Table 1 shows the average number of iterations, \(k_{av}\), that the method performed when solving a series of problems from these classes. The symbol \(``>"\) reflects a situation where not all problems of the class were solved by any method whatsoever. This means that the algorithm was halted because the maximum allowed number of \(K_{max}\) iterations was reached. In this case, the value \(K_{max} = 10^6\) was used to calculate the average value of the number of iterations, \(k_{av}\), which corresponds to the lower estimate of this average value. The number of unsolved problems is indicated in parentheses.

As can be seen from Table 1, the sequential GSA surpasses DIRECT and DIRECTl methods in all classes of problems in terms of the average number of iterations. At the same time, in the 5-Hard class, none of the methods solved all the problems: DIRECT failed to solve 16 problems, DIRECTl and GSA – 4 problems each.

Let us now evaluate the acceleration achieved using parallel GSA using an adaptive dimensionality reduction scheme based on the number p of cores used. Table 2 shows the speedup of the algorithm that combines multiple evolvents and an adaptive scheme for solving a series of problems on CPU, compared to the sequential launch of the GSA method. Two evolvents and, accordingly, two processes were used; each process used p threads, and calculations were performed on a single cluster node.

Table 2. Speedup on CPU
Table 3. Speedup on one GPU
Table 4. Speedup on two GPUs

Table 3 shows the speedup obtained when solving a series of problems on one GPU using an adaptive scheme compared to a similar launch on CPU using 4 threads. Table 4 shows the speedup of the algorithm combining multiple evolvents and an adaptive scheme when solving a series of problems on two GPUs compared to an adaptive scheme on CPU using 4 threads. Two evolvents and, accordingly, two processes were used; each process used p threads on each GPU; all computations were performed on a single cluster node.
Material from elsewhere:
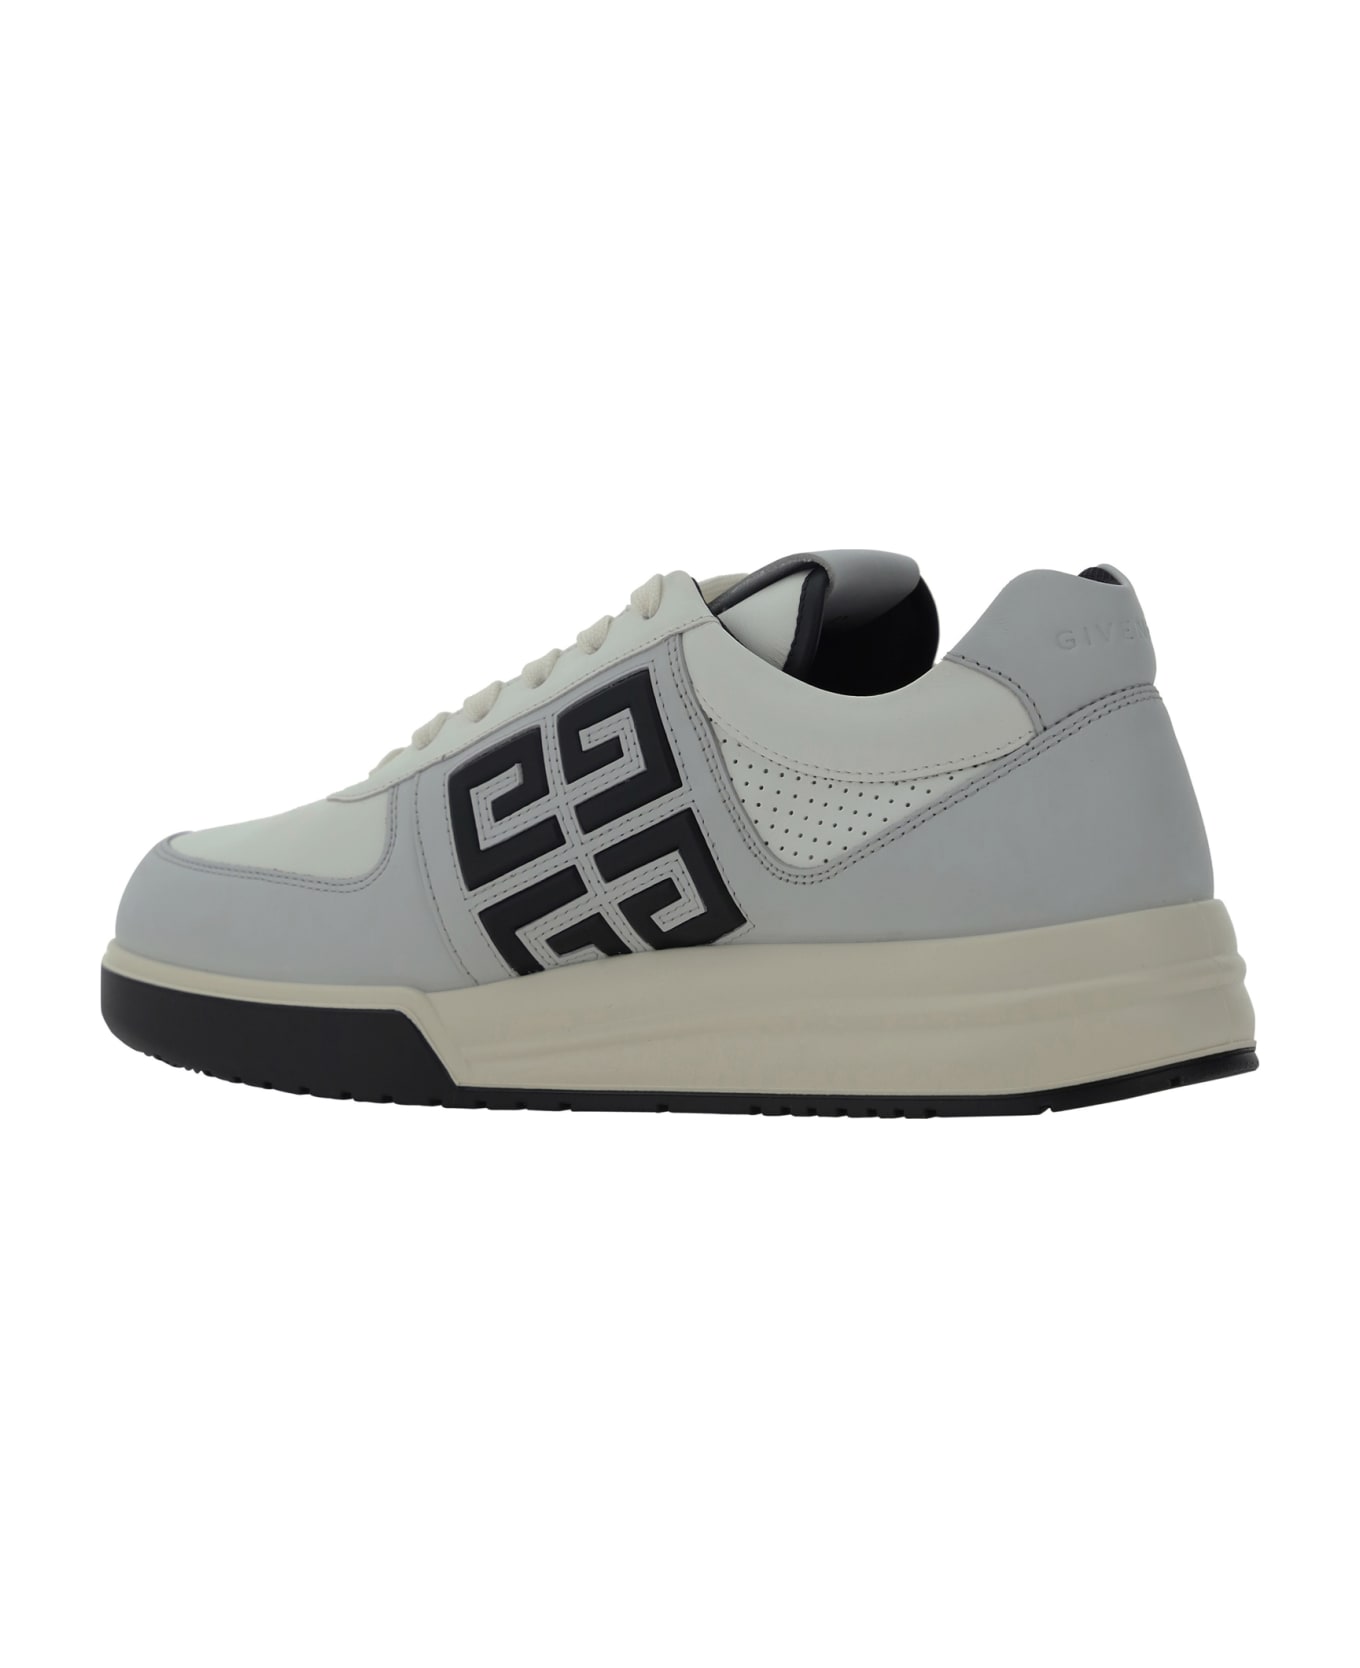 Givenchy G4 Low Top Sneakers - Grey/black
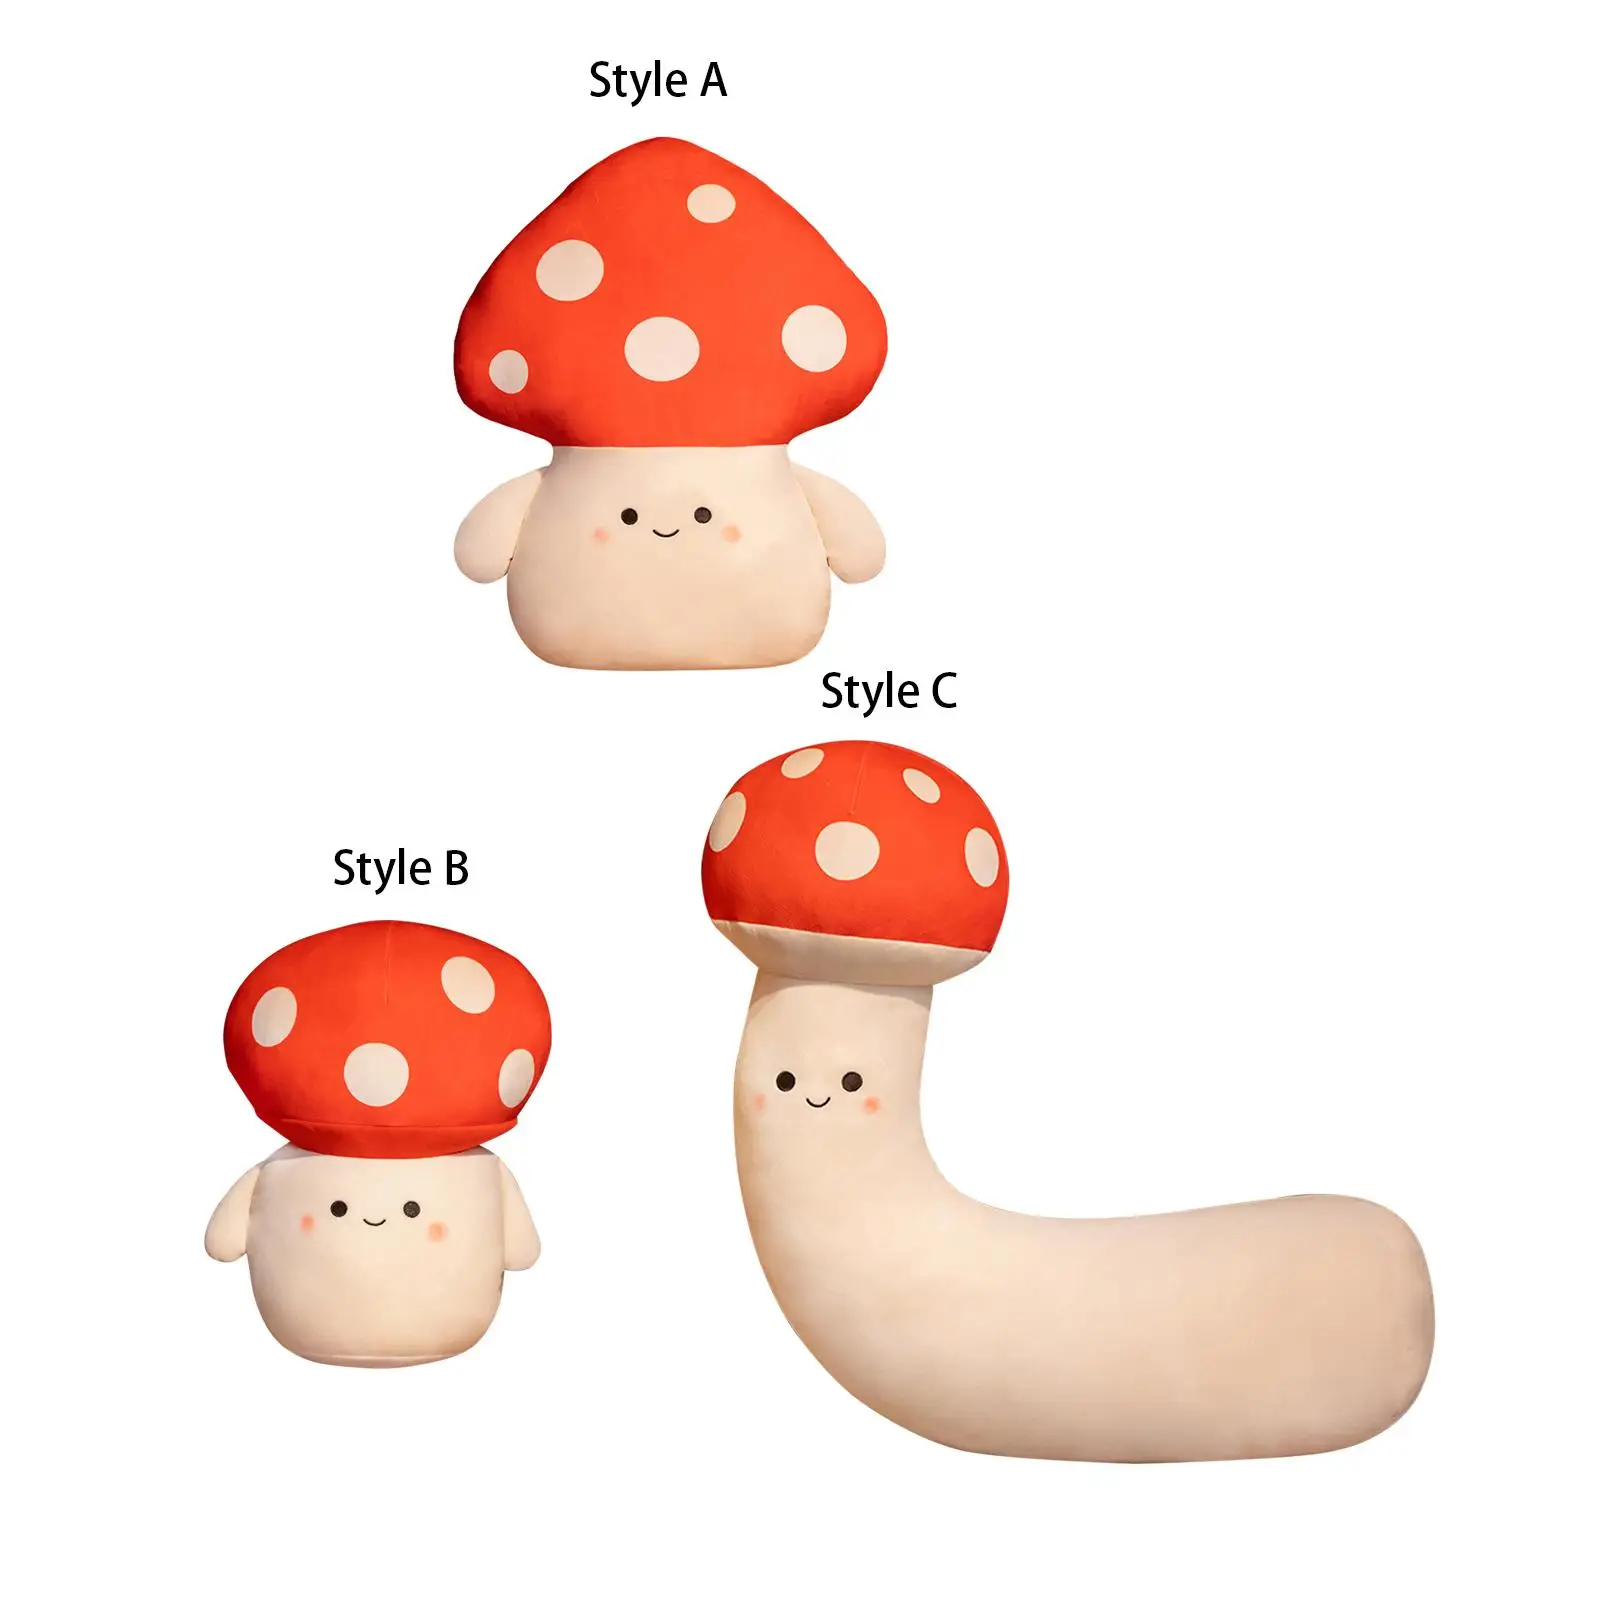 Lovely Plush Mushroom Toy Ornament Soft Sleeping Accompany Toy Stuffed Plush Toy for Living Room Home Bedroom Decoration

Table 5. Speedup on six GPUs

The last series of experiments has been carried out on 20 six-dimensional problems from the GKLS Simple class. Table 5 shows the speedup of the algorithm combining multiple evolvents and the adaptive scheme when solving the problems on 3 cluster nodes (using 2 GPUs per node, 6144 GPU threads in all) compared to the adaptive scheme on CPU using 4 threads.

6 Conclusion

In summary, we observe that the use of graphics processors to solve global optimization problems shows noteworthy promise, because high performance in modern supercomputers is achieved (mainly) through the use of accelerators.

In this paper, we consider a parallel algorithm for solving multidimensional multiextremal optimization problems and its implementation on GPU. In order to experimentally confirm the theoretical properties of the parallel algorithm under consideration, computational experiments were carried out on a series of several hundred test problems of different dimensions. The parallel algorithm demonstrates good speedup, both in the GPU and CPU versions.